The Royal Navy's Air Service in the Great War (Hardback)
In a few short years after 1914 the Royal Navy practically invented naval air warfare, not only producing the first effective aircraft carriers, but also pioneering most of the techniques and tactics that made naval air power a reality. By 1918 the RN was so far ahead of other navies that a US Navy observer sent to study the British use of aircraft at sea concluded that ‘any discussion of the subject must first consider their methods’. Indeed, by the time the war ended the RN was training for a carrier-borne attack by torpedo-bombers on the German fleet in its bases – over two decades before the first successful employment of this tactic, against the Italians at Taranto.
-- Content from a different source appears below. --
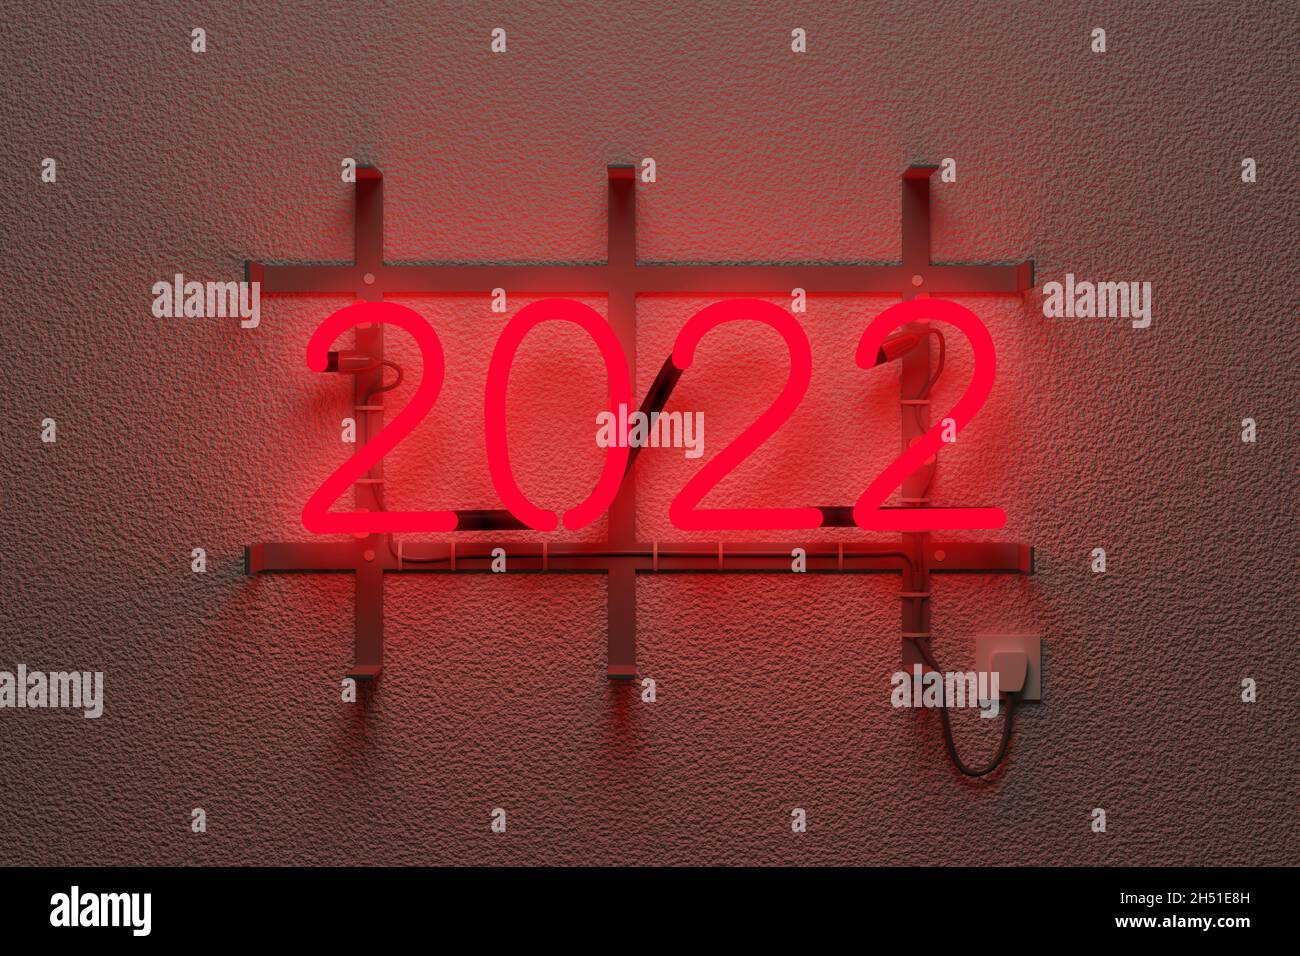 Realistic neon sign with the legend 2022. New year concept. 3d illustration. Stock Photo

Following two previously well-received histories of British naval aviation, David Hobbs here turns his attention to the operational and technical achievements of the Royal Naval Air Service, both at sea and ashore, from 1914 to 1918. Detailed explanations of operations, the technology that underpinned them and the people who carried them out bring into sharp focus a revolutionary period of development that changed naval warfare forever. Controversially, the RNAS was subsumed into the newly created Royal Air Force in 1918, so as the centenary of its extinction approaches, this book is a timely reminder of its true significance.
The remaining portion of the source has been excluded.